- Task objective -
Without the pictures, can you quote each line below exactly?

Start of Provided data

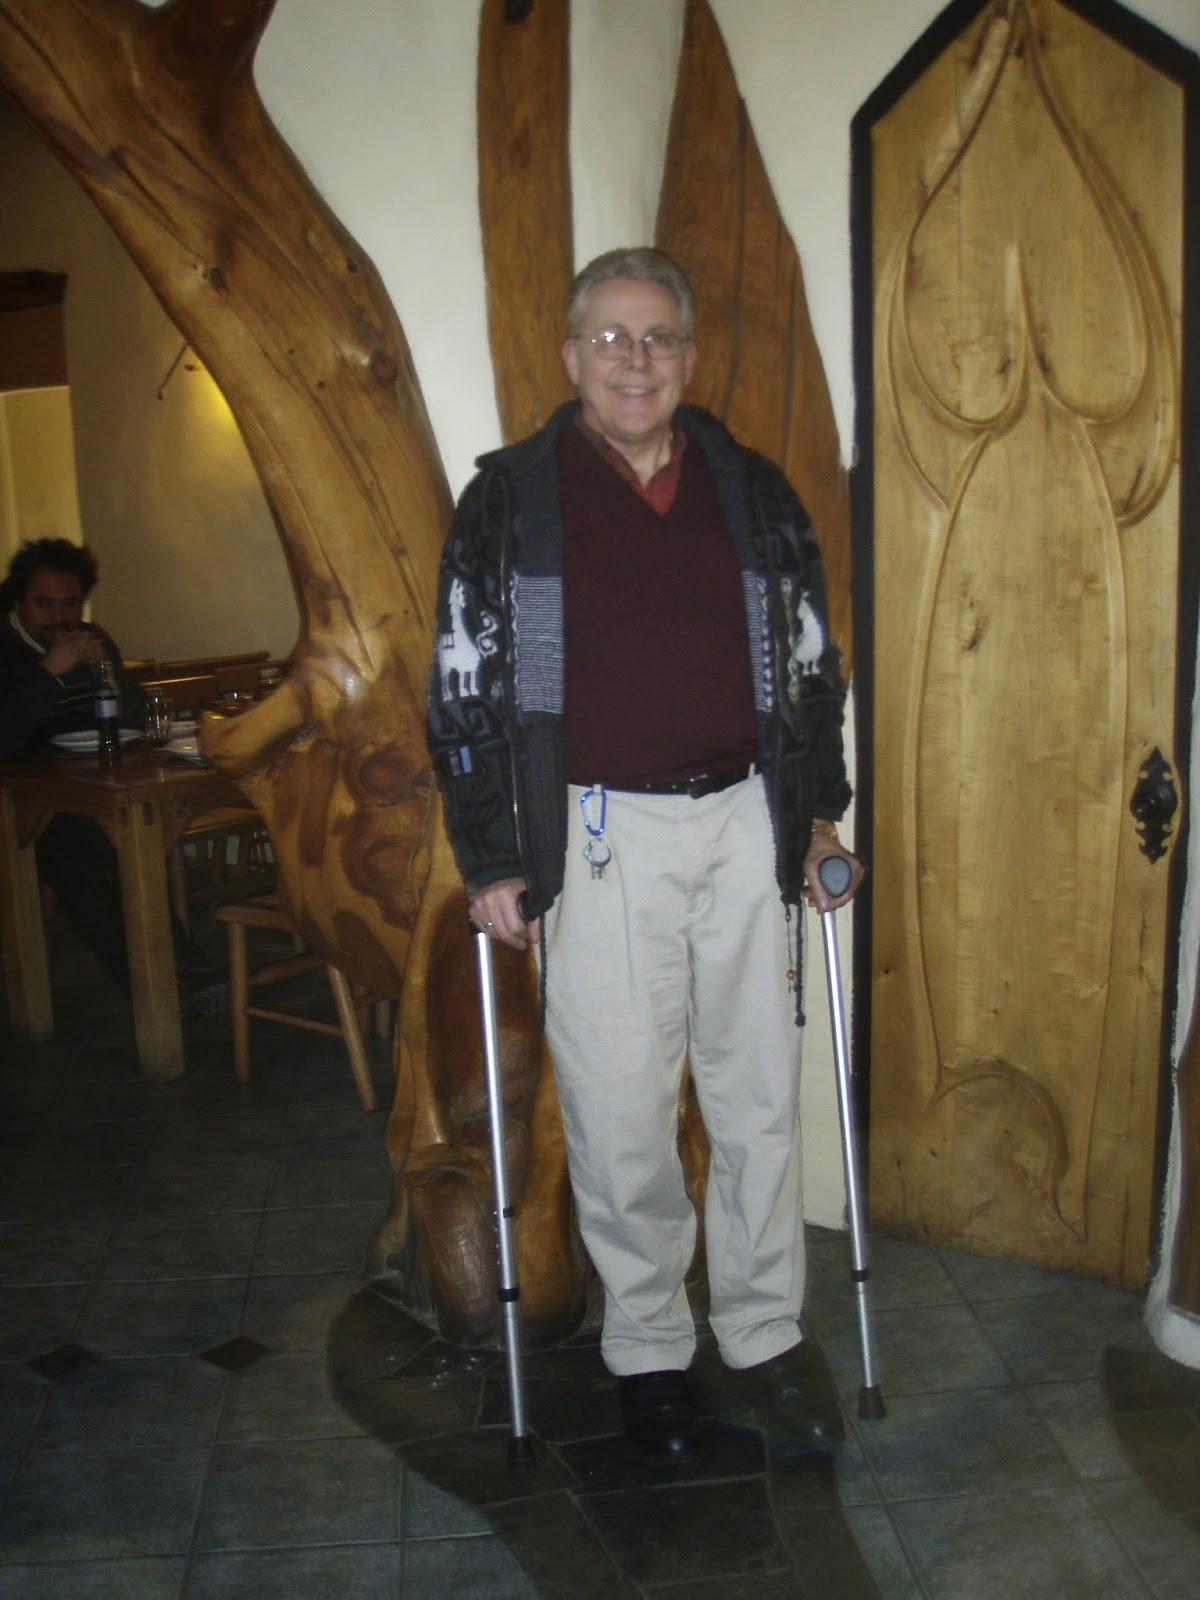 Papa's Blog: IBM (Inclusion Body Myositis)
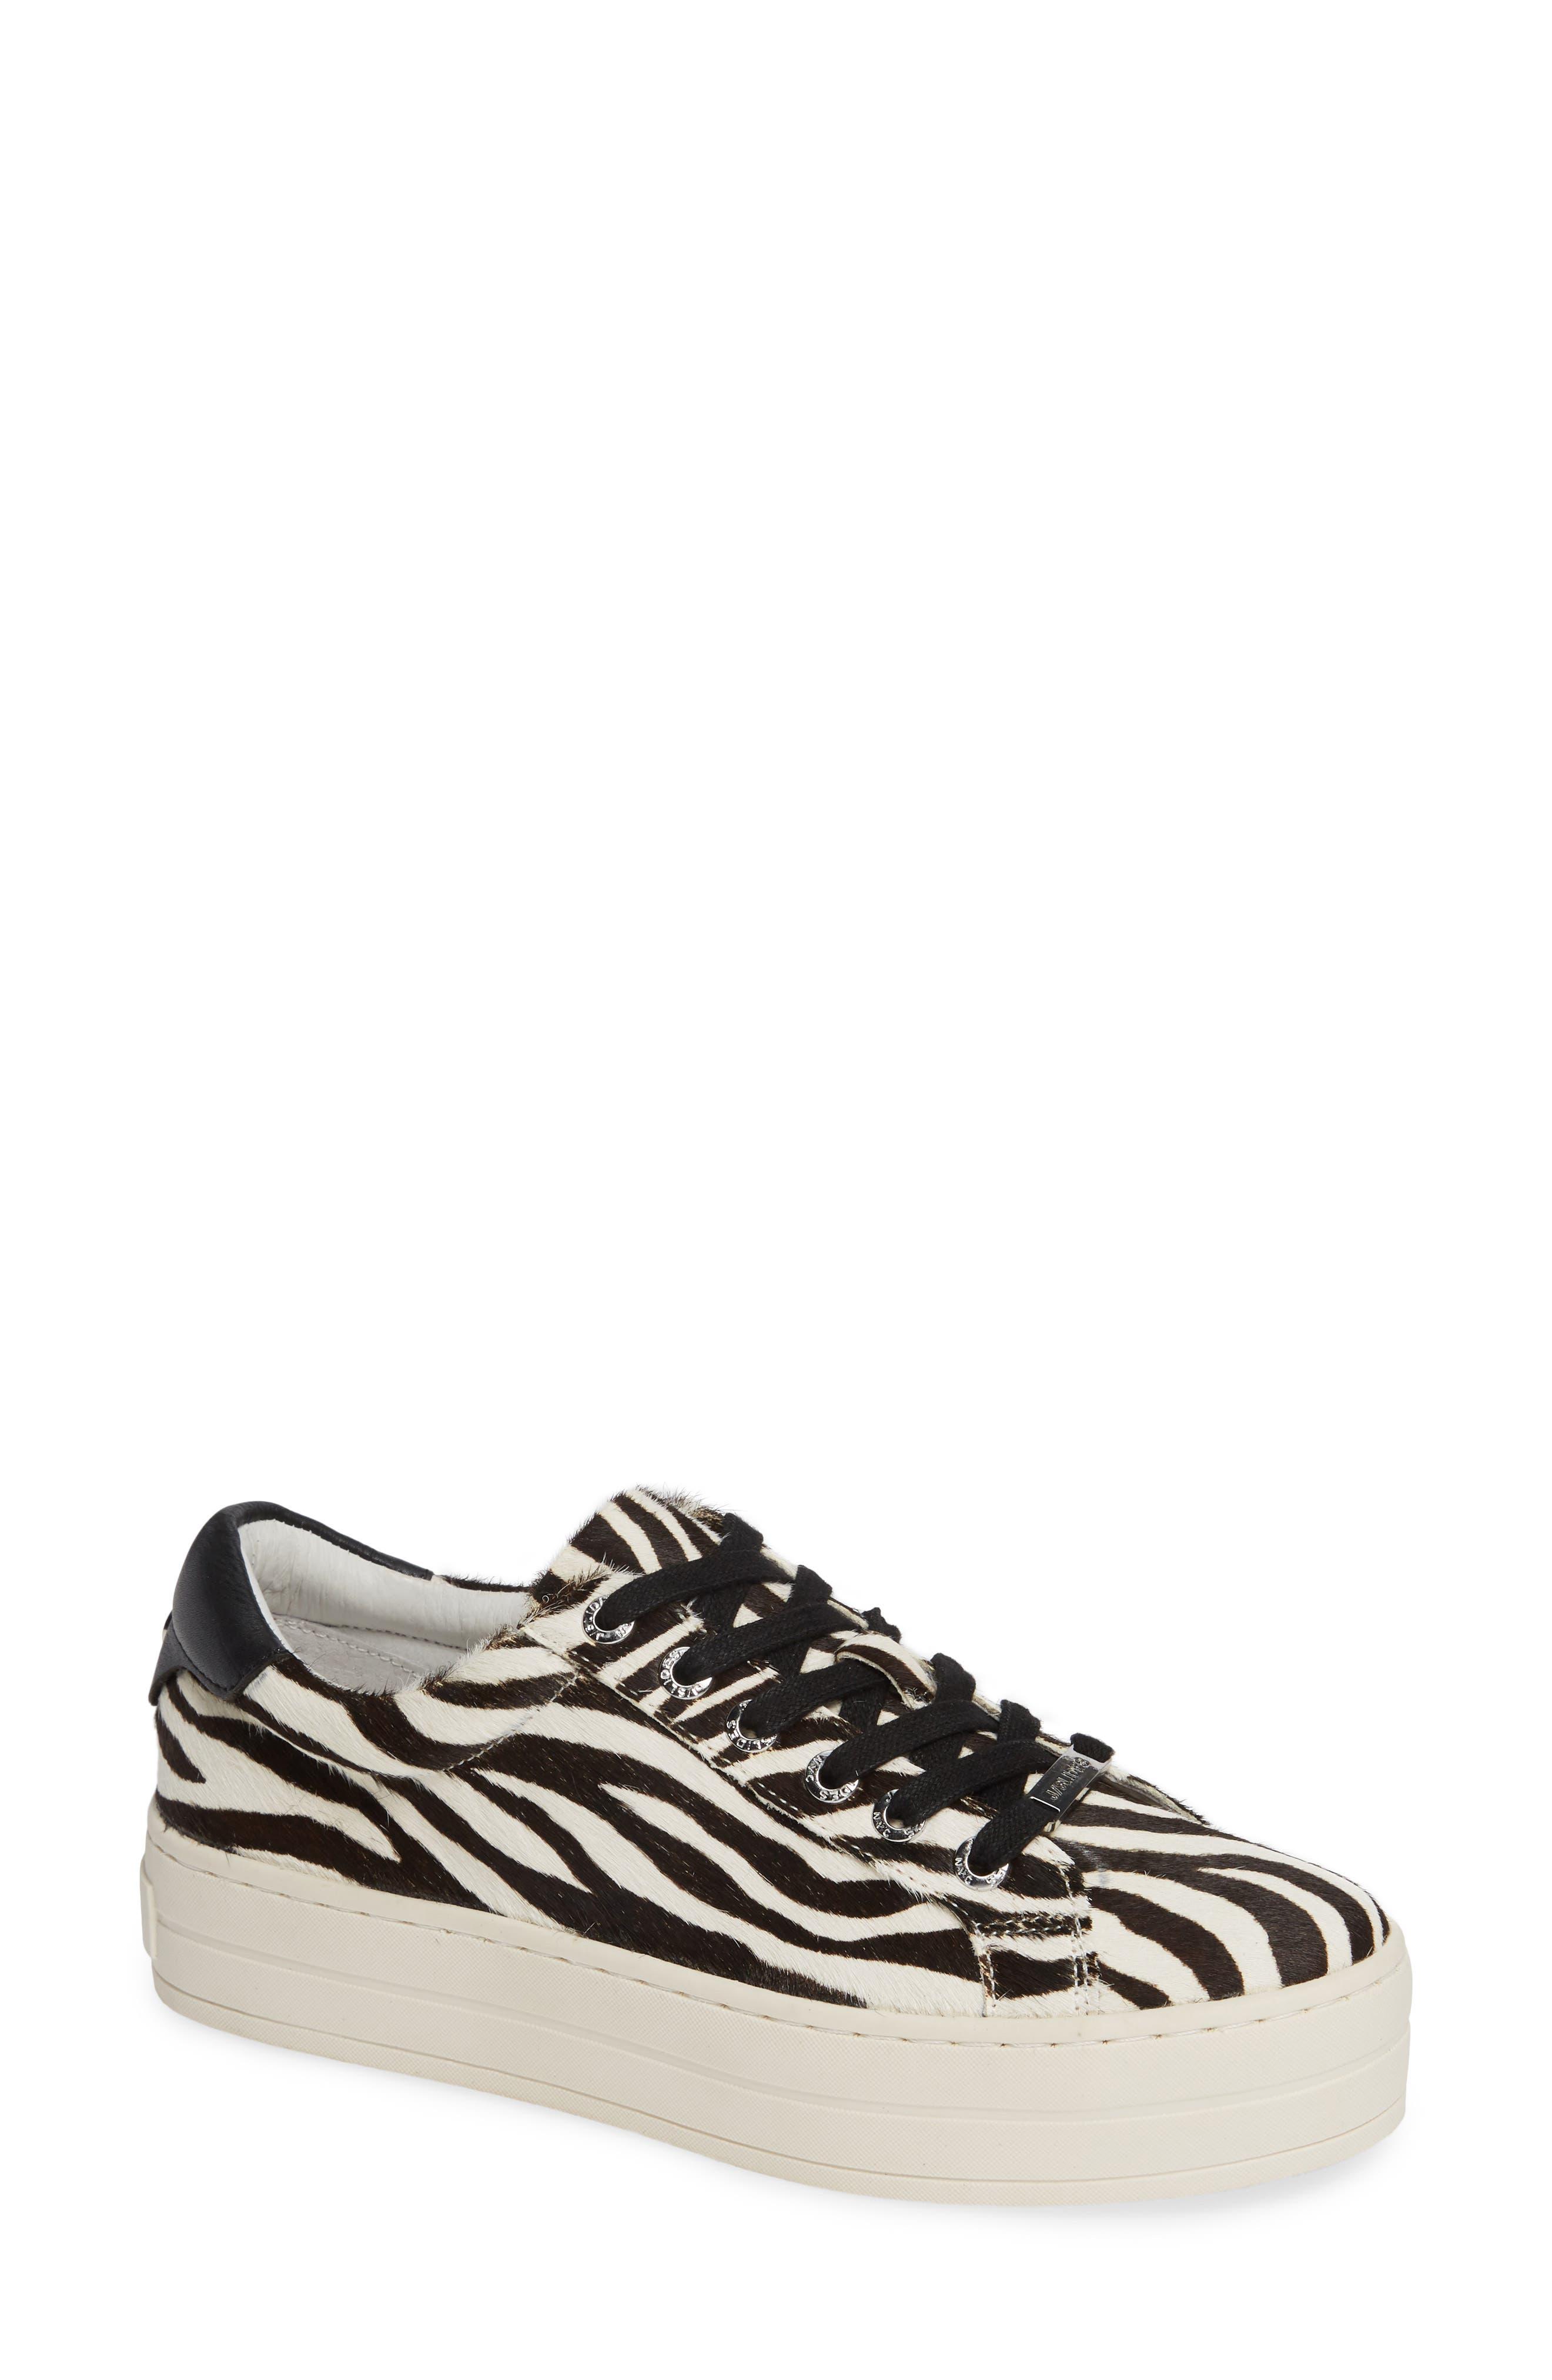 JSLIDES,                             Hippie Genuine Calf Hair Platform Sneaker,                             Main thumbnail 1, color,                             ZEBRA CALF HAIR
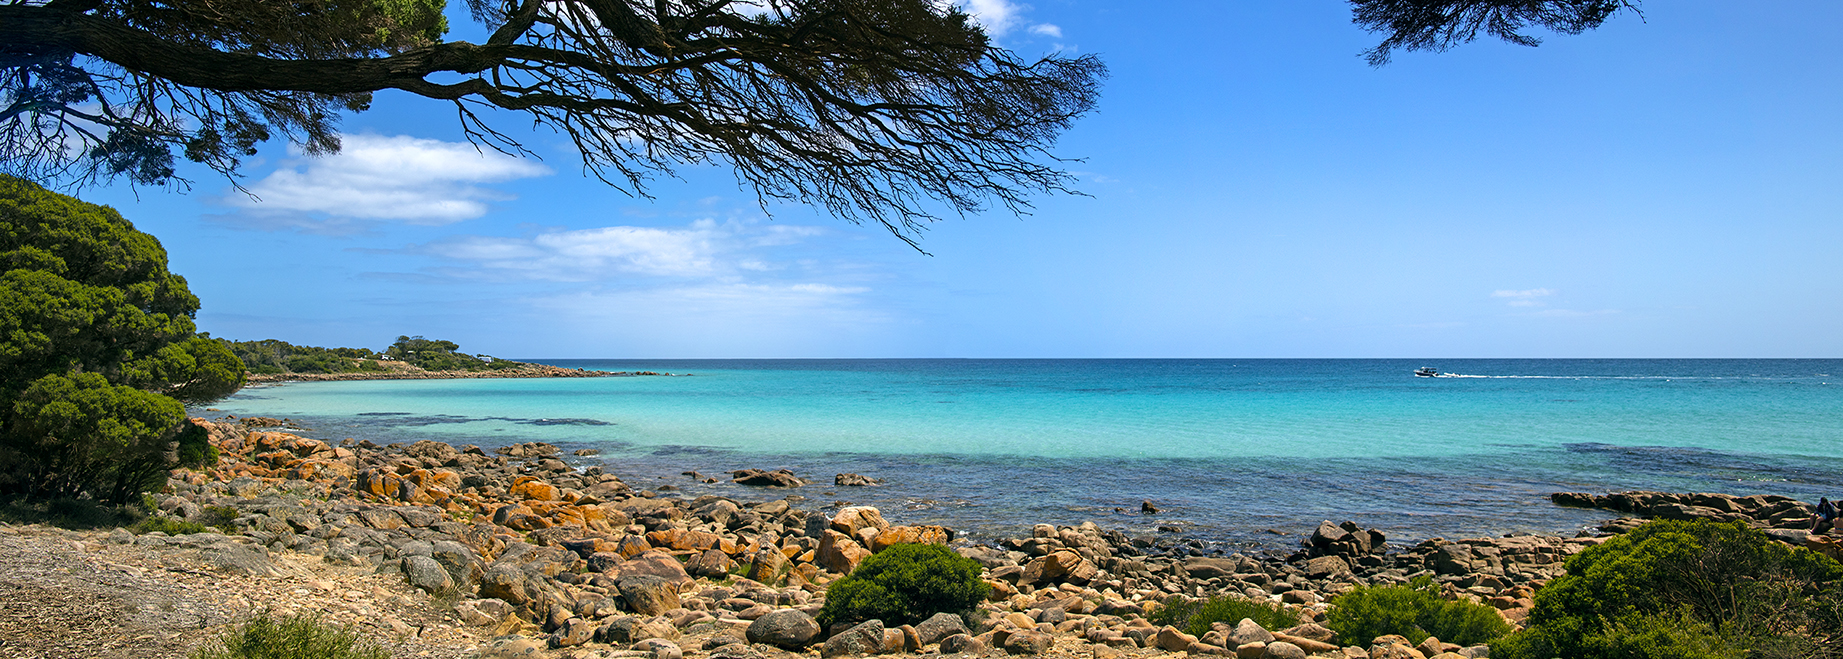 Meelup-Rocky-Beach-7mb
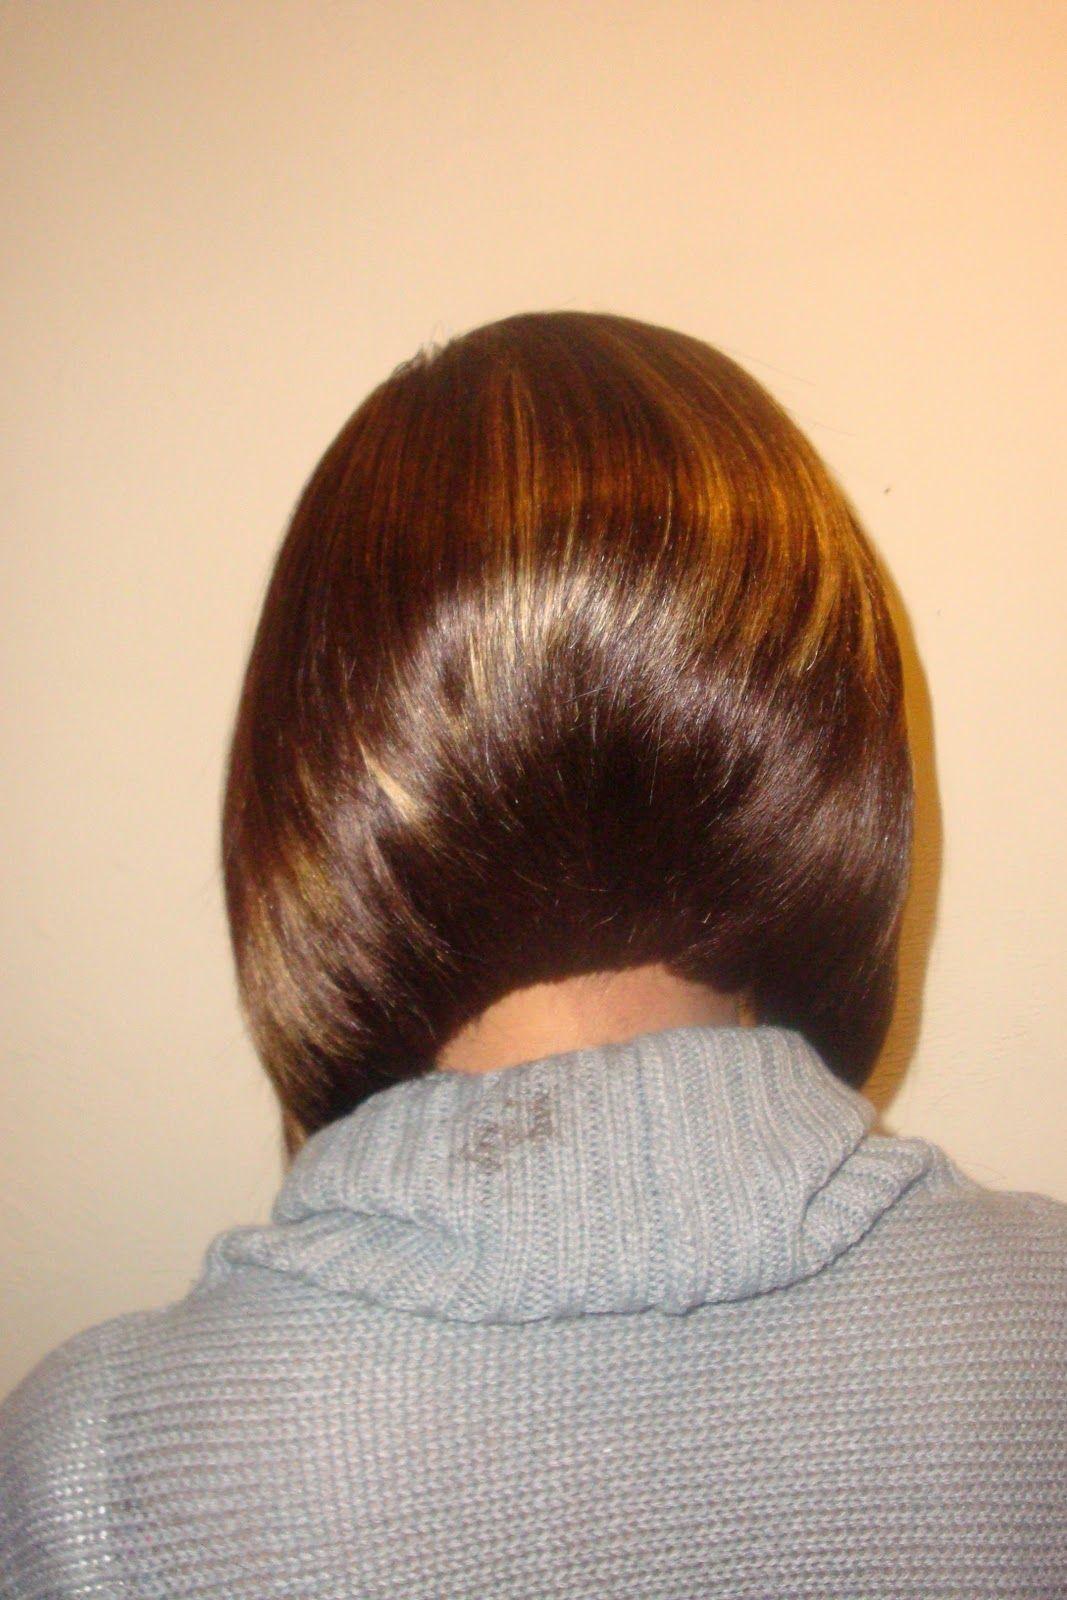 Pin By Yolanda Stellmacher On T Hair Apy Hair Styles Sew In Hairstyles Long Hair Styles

End of Provided data

- Answer to this exercise -
 Papa's Blog: IBM (Inclusion Body Myositis)
 JSLIDES,                             Hippie Genuine Calf Hair Platform Sneaker,                             Main thumbnail 1, color,                             ZEBRA CALF HAIR
 Meelup-Rocky-Beach-7mb
 Pin By Yolanda Stellmacher On T Hair Apy Hair Styles Sew In Hairstyles Long Hair Styles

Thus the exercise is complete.